2022年2月の紛争激化から4年。
終わりの見えない人道危機の中で、国際赤十字と日赤によるウクライナ支援は続いています。首都・キーウに駐在する日赤ウクライナ現地代表部の芳原みなみさんは、厳しい冬を迎えた現地の状況をこう話しました。
ウクライナで国際赤十字やウクライナ赤と連携し、避難民支援などの協議を重ねる芳原さん
「キーウでアパート暮らしをしていますが、昨年10月くらいから毎日、断続的な停電が起き、ひどいときは半日以上電気が来ないことも。住んでいる場所を登録しておけば、その区域がいつ停電するのか事前にわかるアプリがあり、市民はそれを利用して、電気が来ているうちにシャワーを浴びたり携帯を充電したりと、電気事情に合わせた生活を送っています。暖房は、ガスを利用したセントラルヒーティングシステムである程度まかなえますが、ガスの供給が止まってしまったときは暖房もなくなるので、厚着をして、さらに布団を被って、なんとか寒さをしのいでいます」
空襲警報が鳴り響けば、地下のシェルターや壁2枚を隔てたセーフティエリアへ避難し、じっと警報の解除を待つ生活。

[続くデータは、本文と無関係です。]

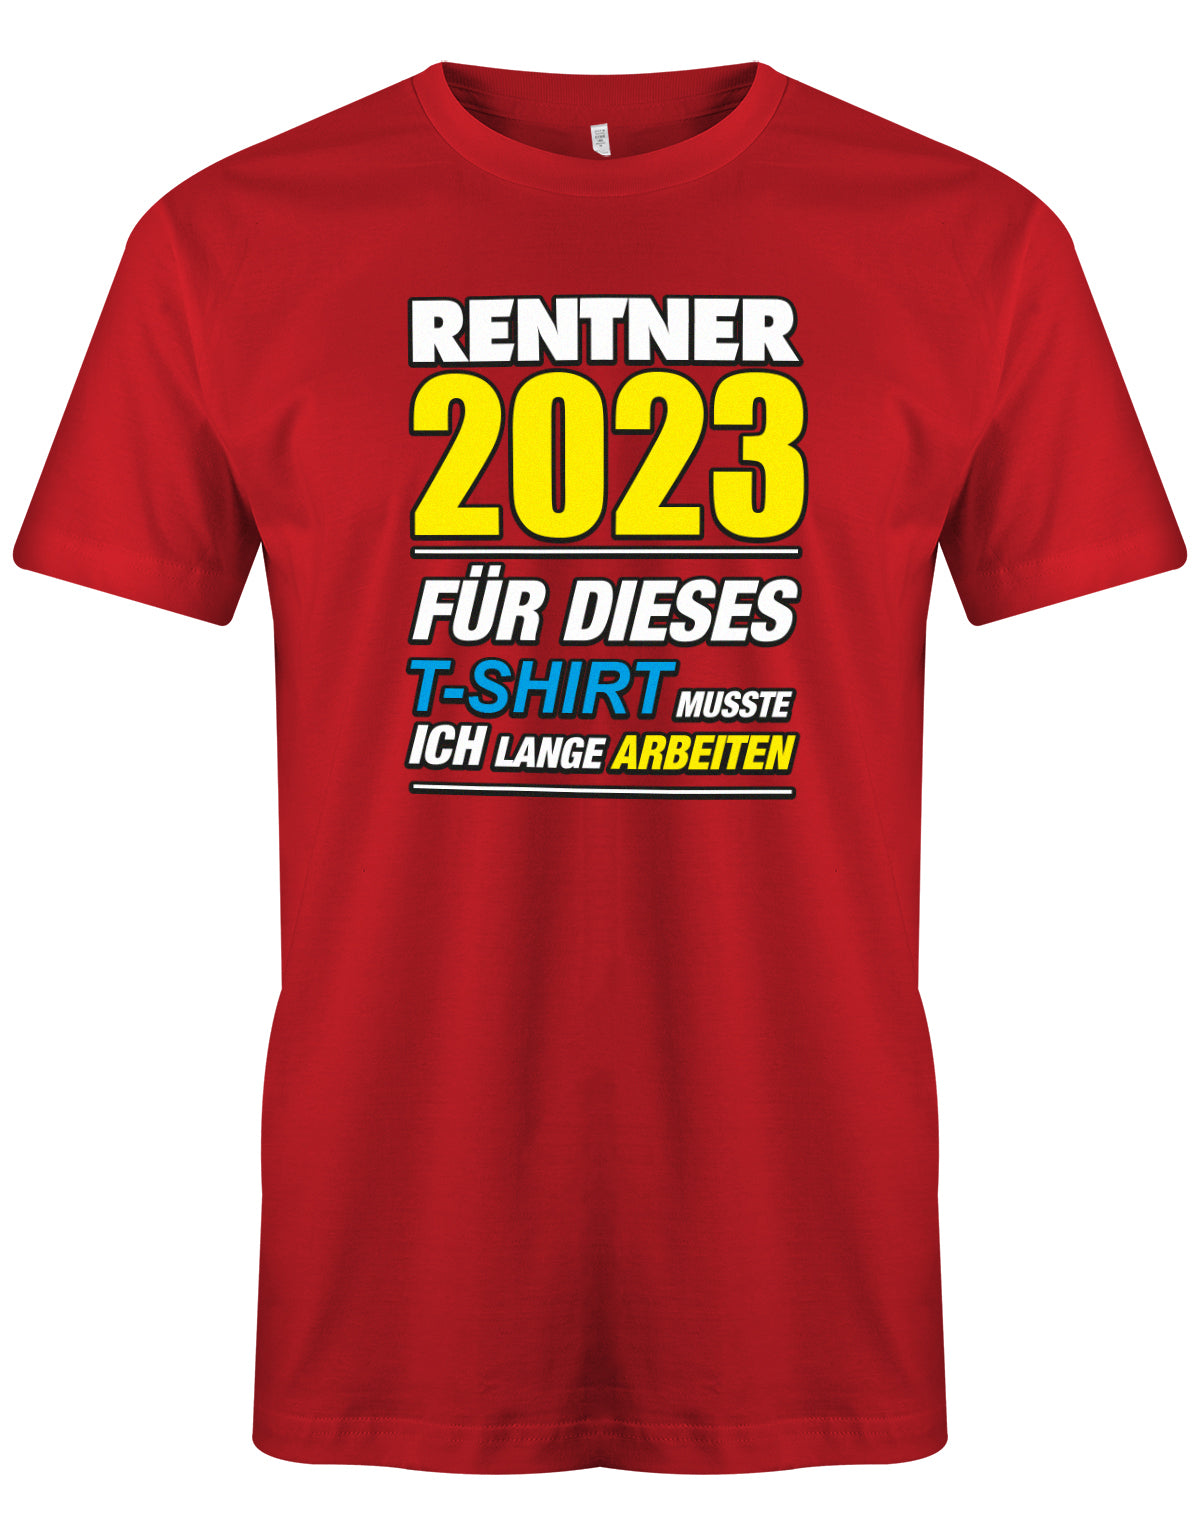 Rentner 2023 für dieses T-Shirt musste ich lange arbeiten - Männer T-Shirt Rot
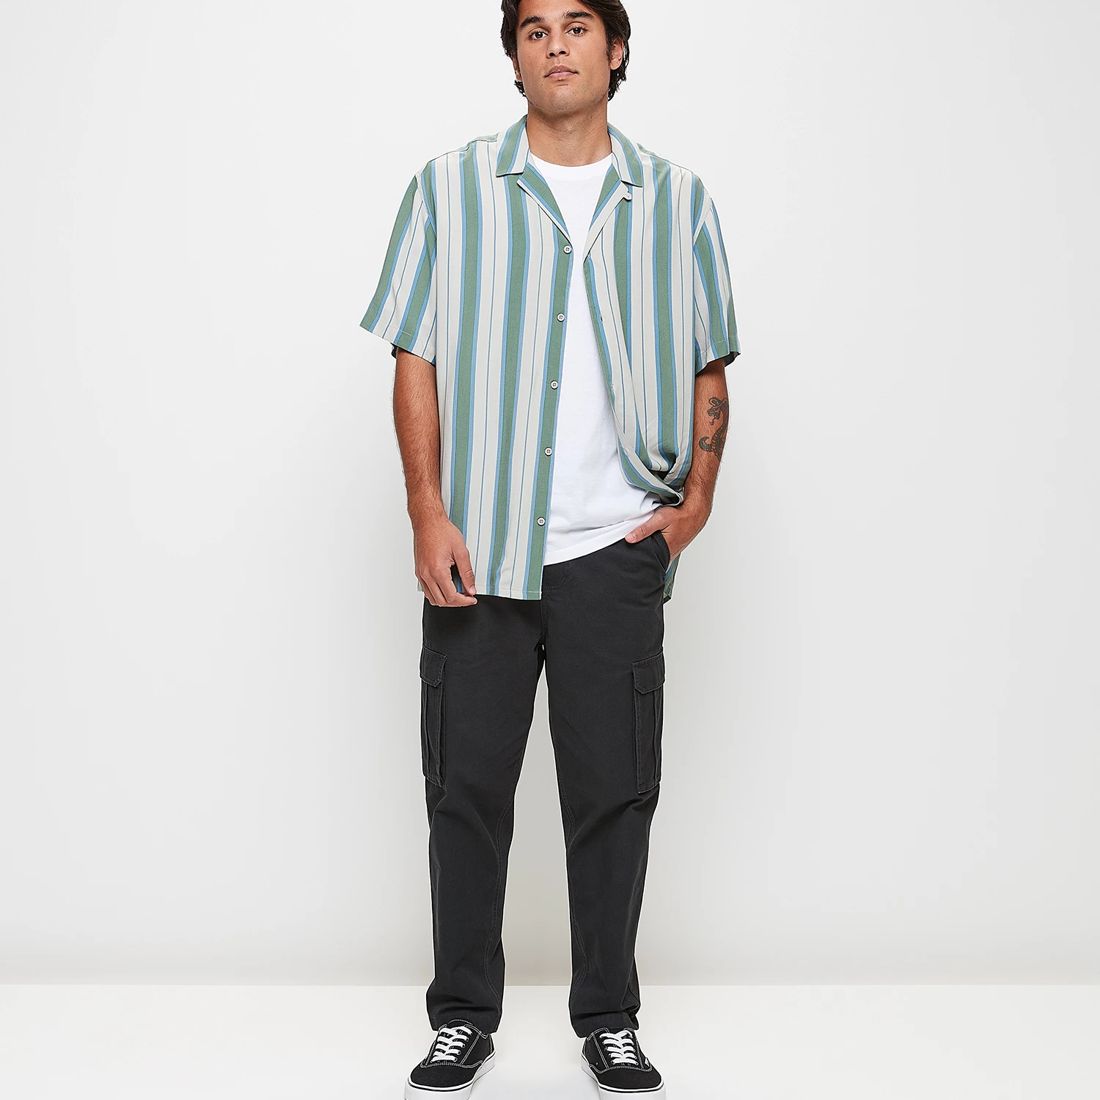 Commons Vertical Stripe Short Sleeve Shirt | Target Australia

今年1月にも、東部ハルキウ州で大規模な攻撃があり、ウクライナ赤の緊急対応チームのボランティアが、政府と連携し、被災者支援や捜索活動を行いました。
こうした中、紛争でけがをした人々や退役軍人など、リハビリを必要とする人の数は増える一方。
また、脳卒中や心疾患などで入院した患者さんが、十分なリハビリができずに病床を空けるために退院を促され、自宅に戻っても適切なケアを受けられないといった状況も。
ウクライナ赤は、これまでの訪問リハビリに加えて、一般の人々にも、リハビリトレーニングの正しい知識を普及する活動を始めています。
ウクライナを支援する国際赤十字の中で唯一、理学療法士を派遣してリハビリ支援を行っている日赤。
最初の派遣は2023年1月、そこから3年を経て、今回、リハビリテーション・ハンドブックが誕生しました。きっかけは、北海道・栗山赤十字病院から派遣された理学療法士・鈴木聡子さん。
ウクライナ赤の訪問リハビリに同行し、家庭でのリハビリ実施をサポートする鈴木さん(左)
「ウクライナのリハビリは旧ソ連時代の医療スタイルの影響を受け、近代的なリハビリの知識や技術を持つ理学療法士は、まだ人数が少ないのが実情です。この状況でリハビリの成果を出すには、一般市民の知識向上が重要です。ゼロから教材を作るのは時間も労力もかかりますが、日本のハンドブックを翻訳して活用できればと考え、現地スタッフに提案しました」(鈴木さん)
元になったのは、日本理学療法士協会が発行する「理学療法ハンドブック」。18冊のシリーズの中から、ウクライナ赤が選んだ5冊に絞って、翻訳が進められました。
「和式トイレや座布団といった、日本の生活様式で描かれている表現や、日本の福祉制度に基づいた表記をウクライナ向けに修正。ウクライナ赤、日本理学療法士協会とのやり取りが数十回に及ぶ中、日本に留学経験のある現地スタッフ・アリナさんの協力で、英語に変換することなく、日本語から直でウクライナ語に翻訳してもらえたことは幸いでした。
治療法に関しては、現地の理学療法士の確認も取りながら進めましたが、現地スタッフの『欧米式のリハビリに移行したい』という要望が強くあったのは印象深かったです」と鈴木さん。
翻訳したアリナさんは、「日本とウクライナには多くの文化的違いがありますが、福祉制度以外はほとんど修正の必要がなく、ウクライナでも通用する内容なので驚きました。
このハンドブックは今後、ウクライナの国民に大切にされ、日常生活に活用されていくと確信しています」と、語ります。また、実際にハンドブックの活用をスタートさせたウクライナ赤の職員、テティアナさんは次のように述べました。
完成したハンドブックを手に笑顔になる、ウクライナ赤のリハビリ支援チーム(左から2人目がテティアナさん)
「紛争によって医療やリハビリサービスを受けることが困難な状況が続き、人々は身体機能を維持するための実用的な知識を必要としていました。このハンドブックは、自らの力で移動したい方、病気から回復して健康的に生きたい方の支えになります。日赤が、その経験と知識を共有してくれたことに感謝しています」
これからもウクライナ現地のニーズに合わせた支援を日赤は継続していきます。